Leave the pictures out, and repeat exactly every line from the one with "2020 Ram ProMaster" through the end of the data below.
━━━━━ Material provided
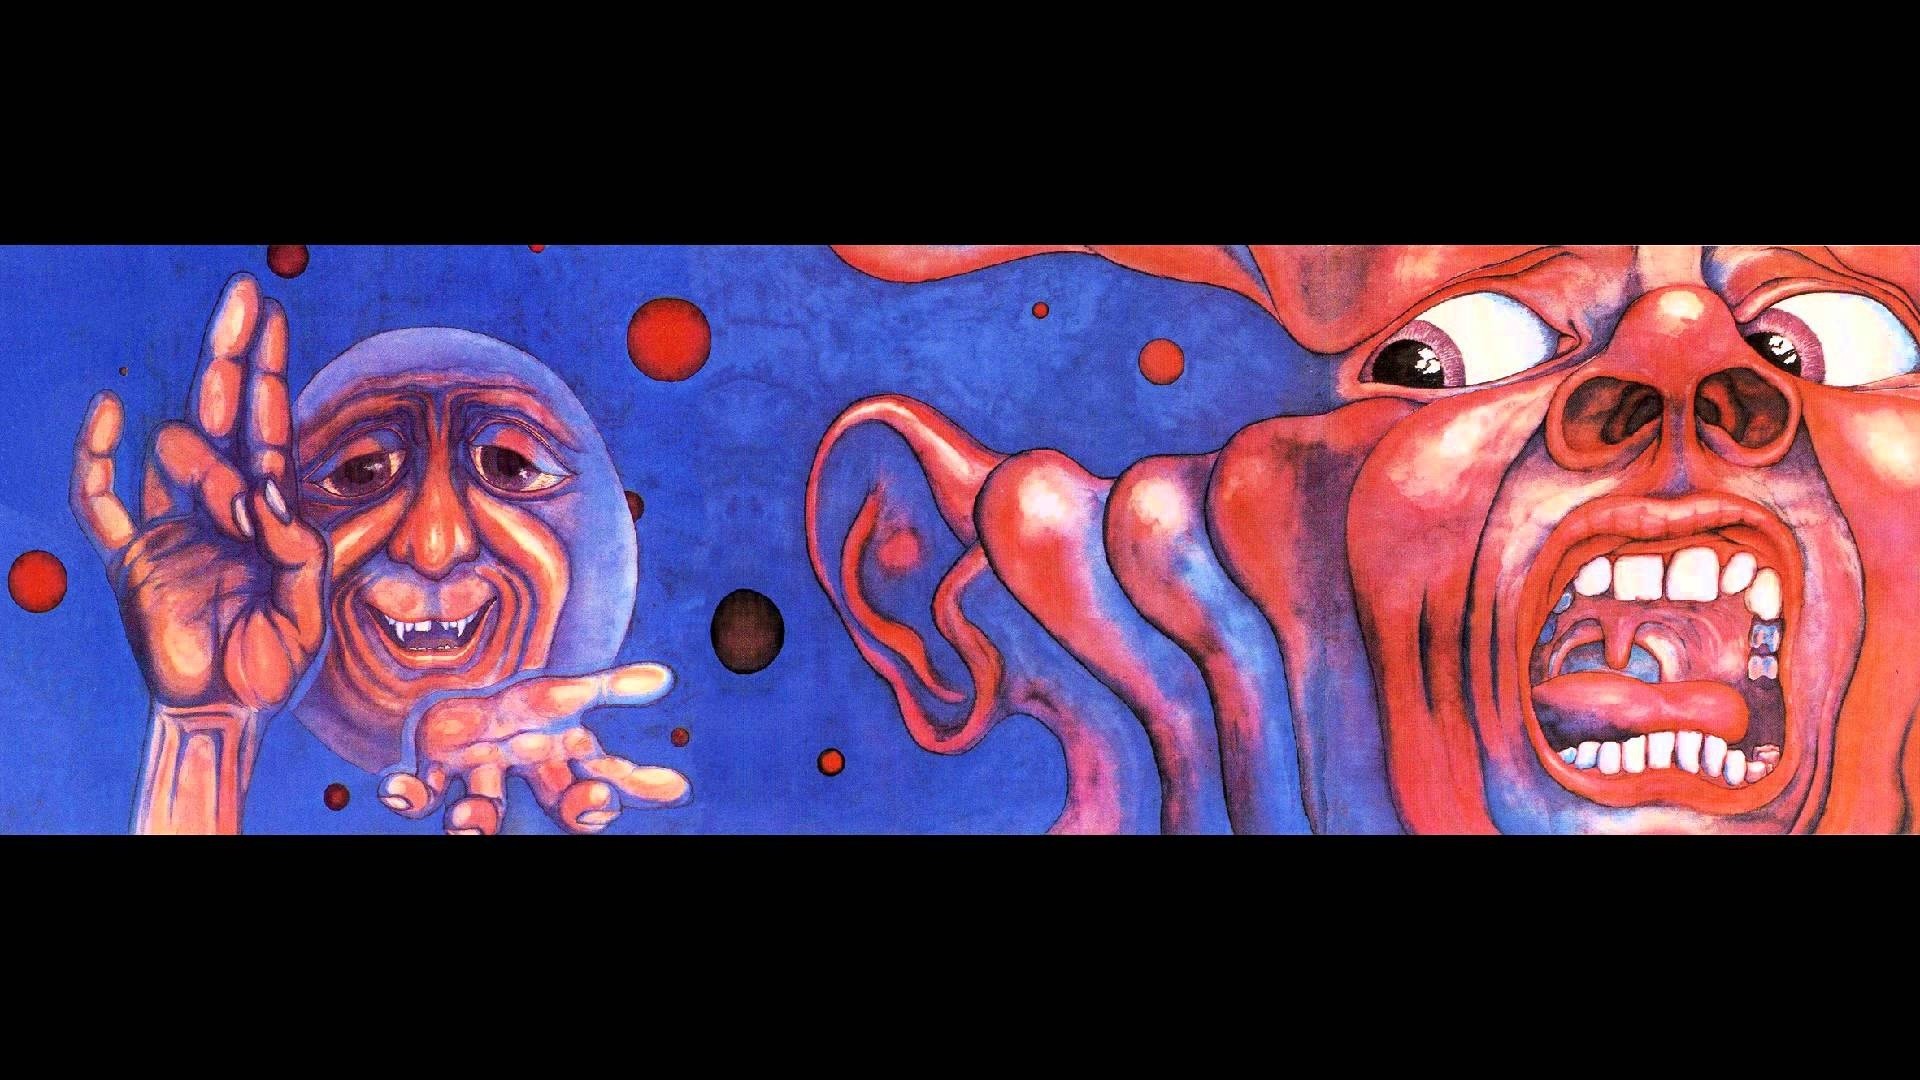 1920x1080 The Tangent - 21st Century Schizoid Man (King Crimson Cover) - YouTube
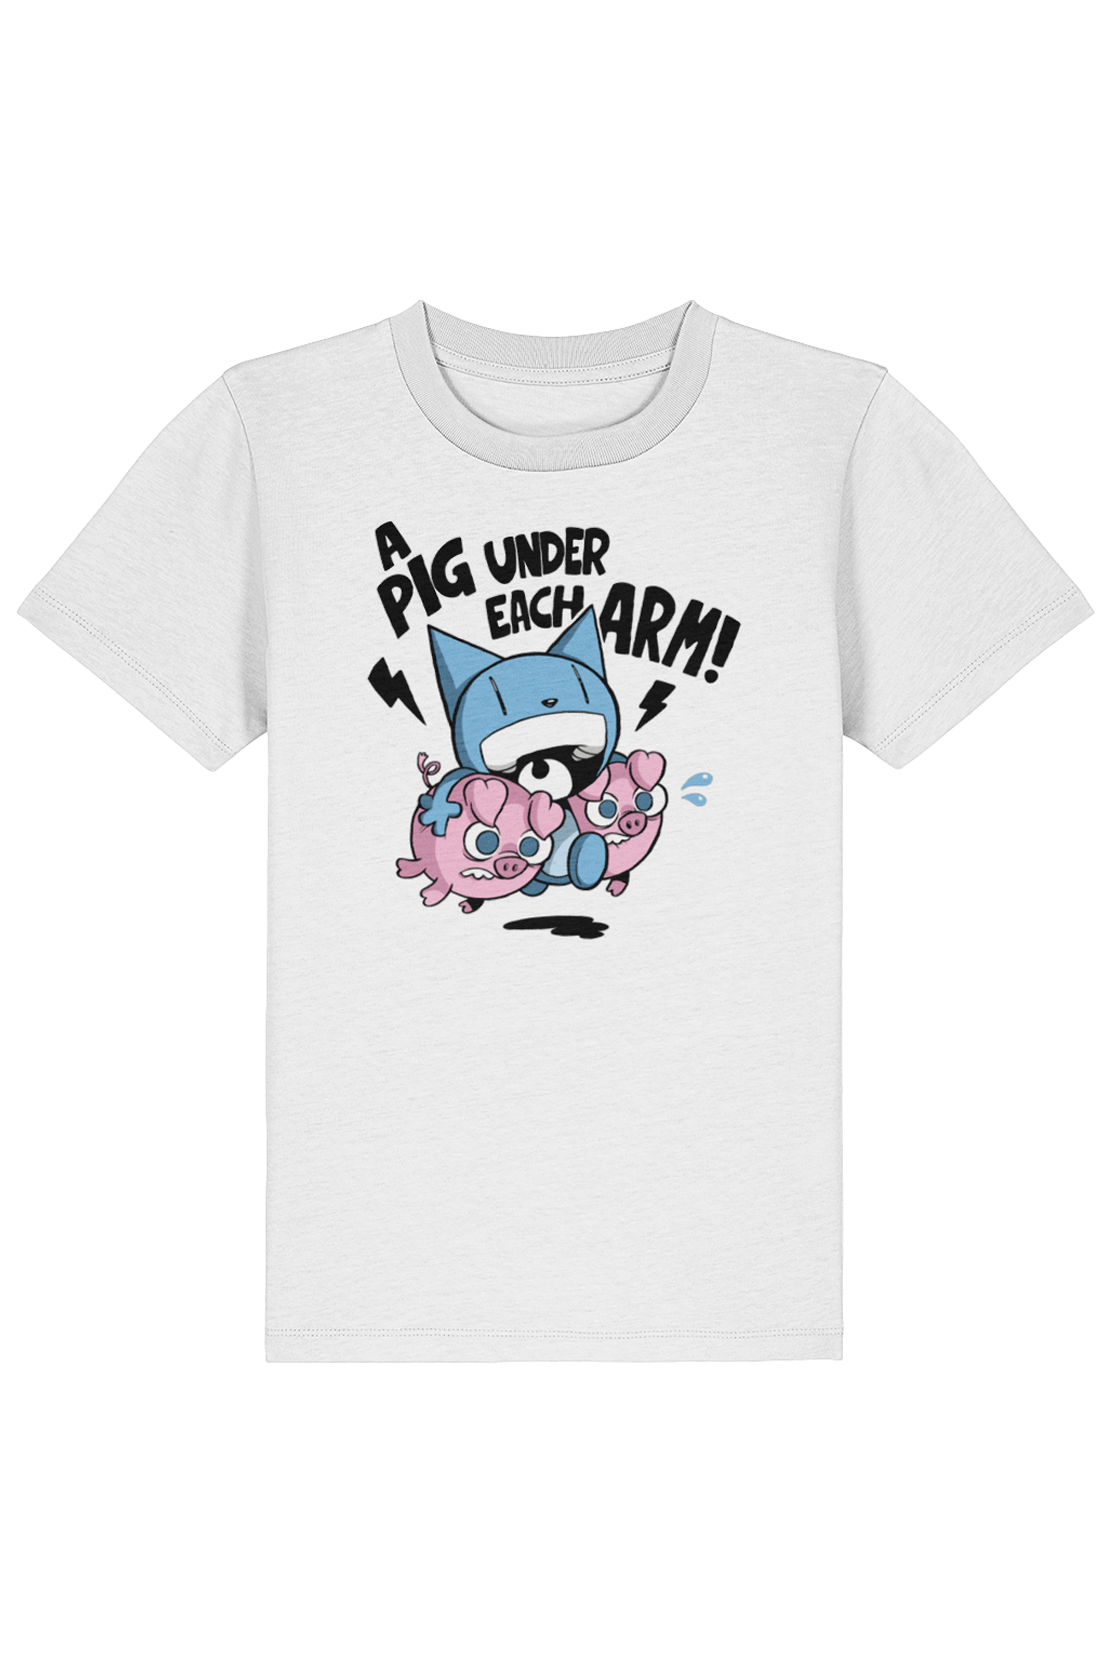 Looshkin "A pig under each arm!" kids t-shirt
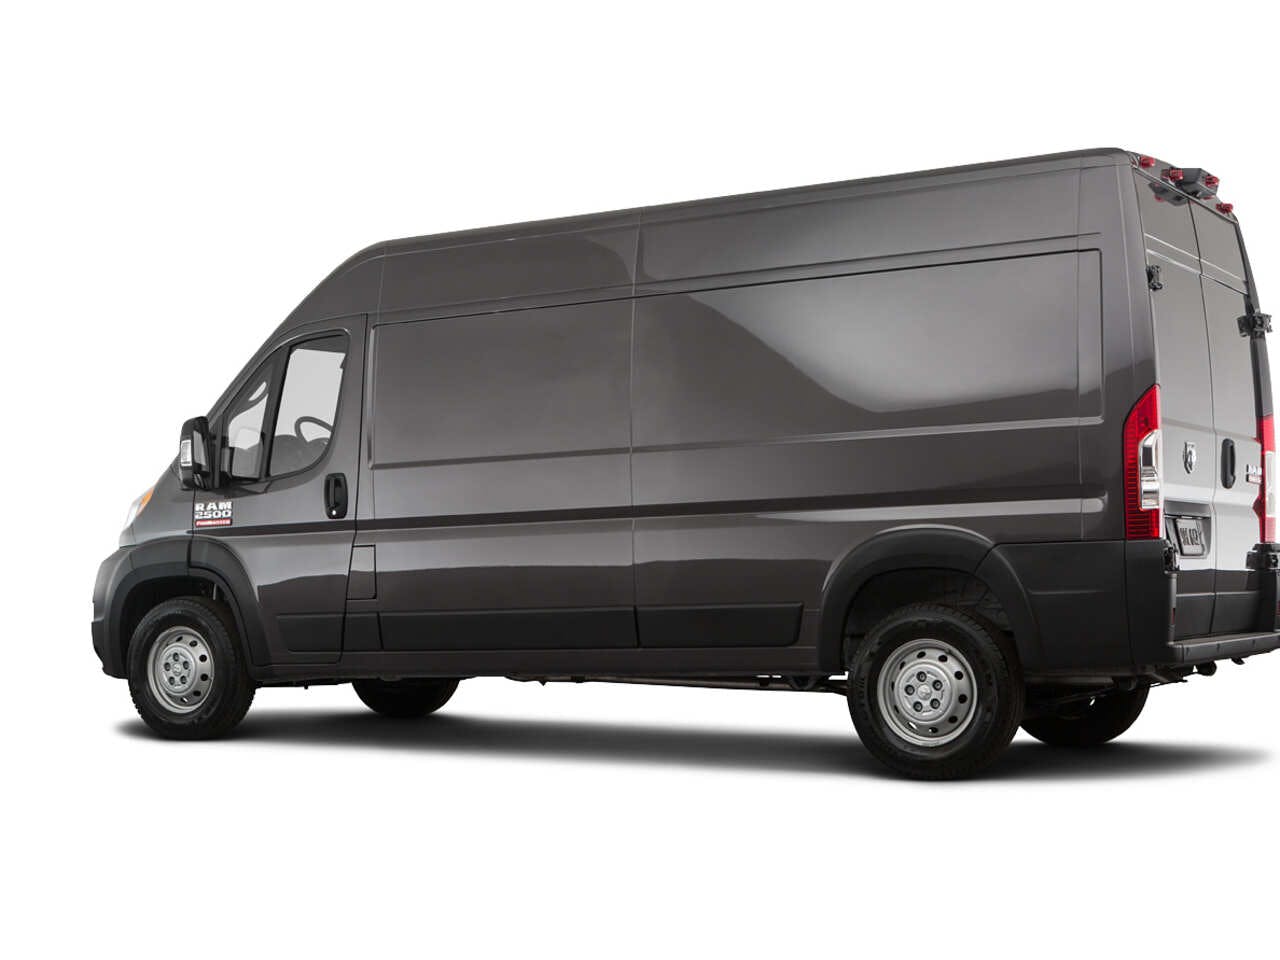 2020 Ram ProMaster Cargo Van Review | Pricing, Trims & Photos - TrueCar
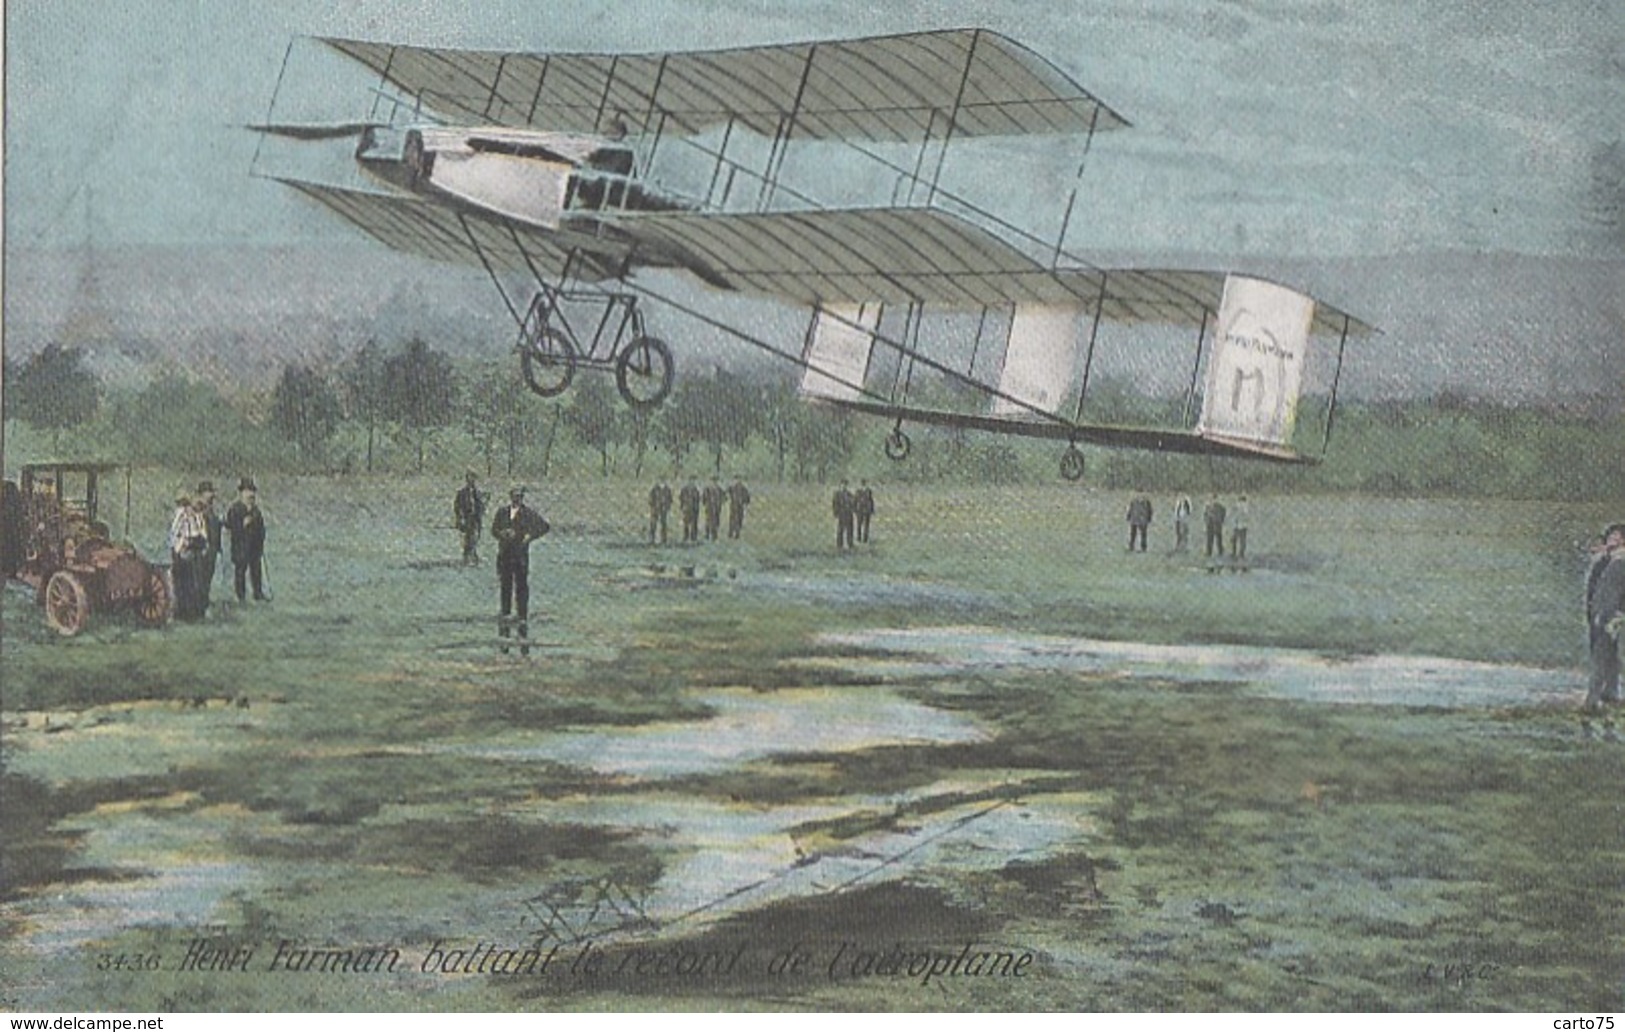 Aviation - Avion Biplan Farman - Record - ....-1914: Voorlopers
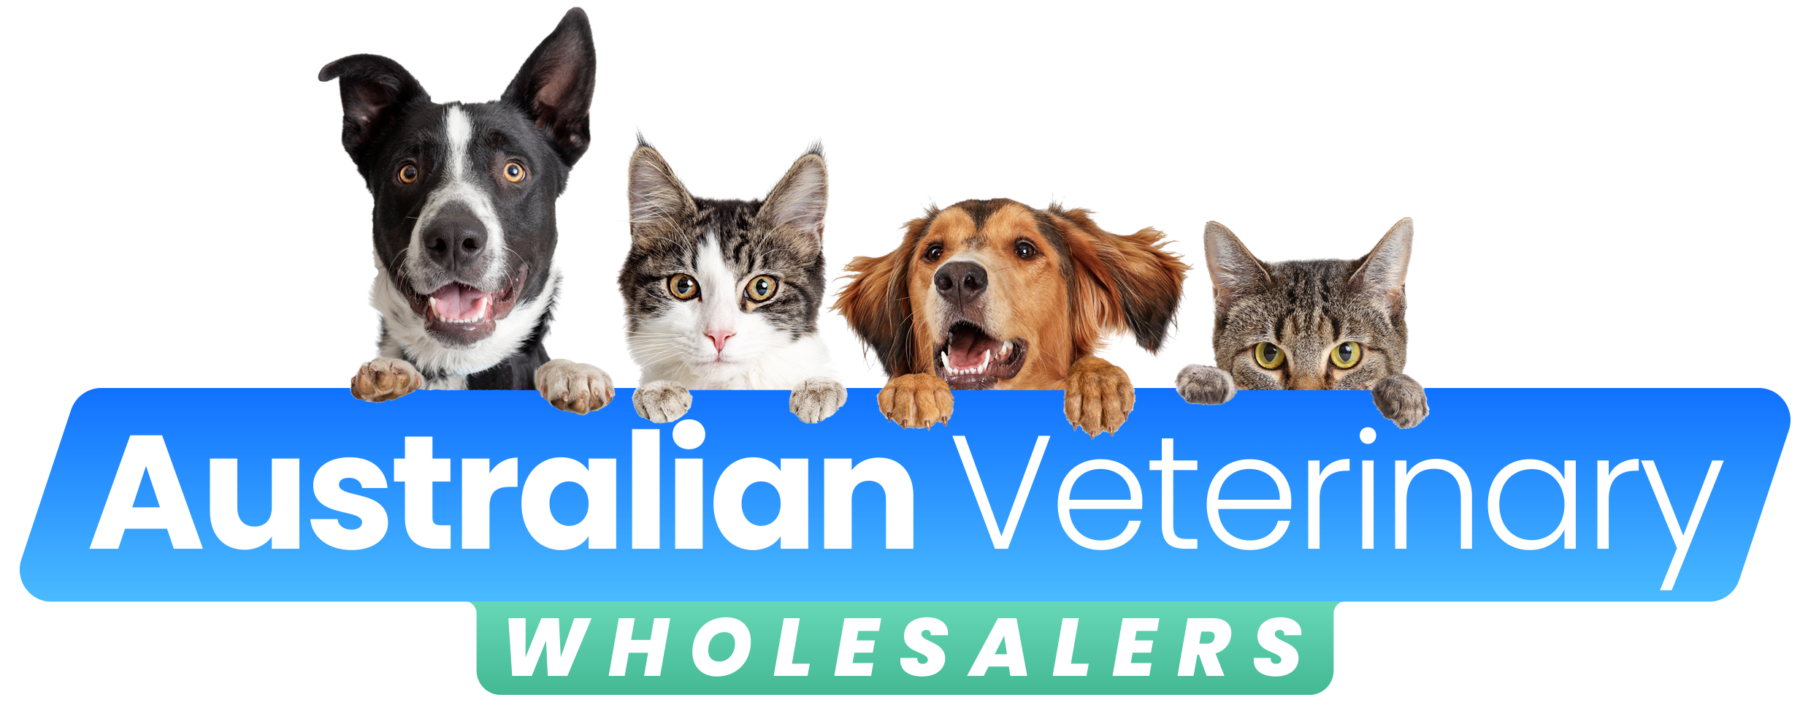 Australian Veterinary Wholesalers
━━━━━━━━━━
-- Response to the task --
 2020 Ram ProMaster Cargo Van Review | Pricing, Trims & Photos - TrueCar
 Aviation - Avion Biplan Farman - Record - ....-1914: Voorlopers
 Australian Veterinary Wholesalers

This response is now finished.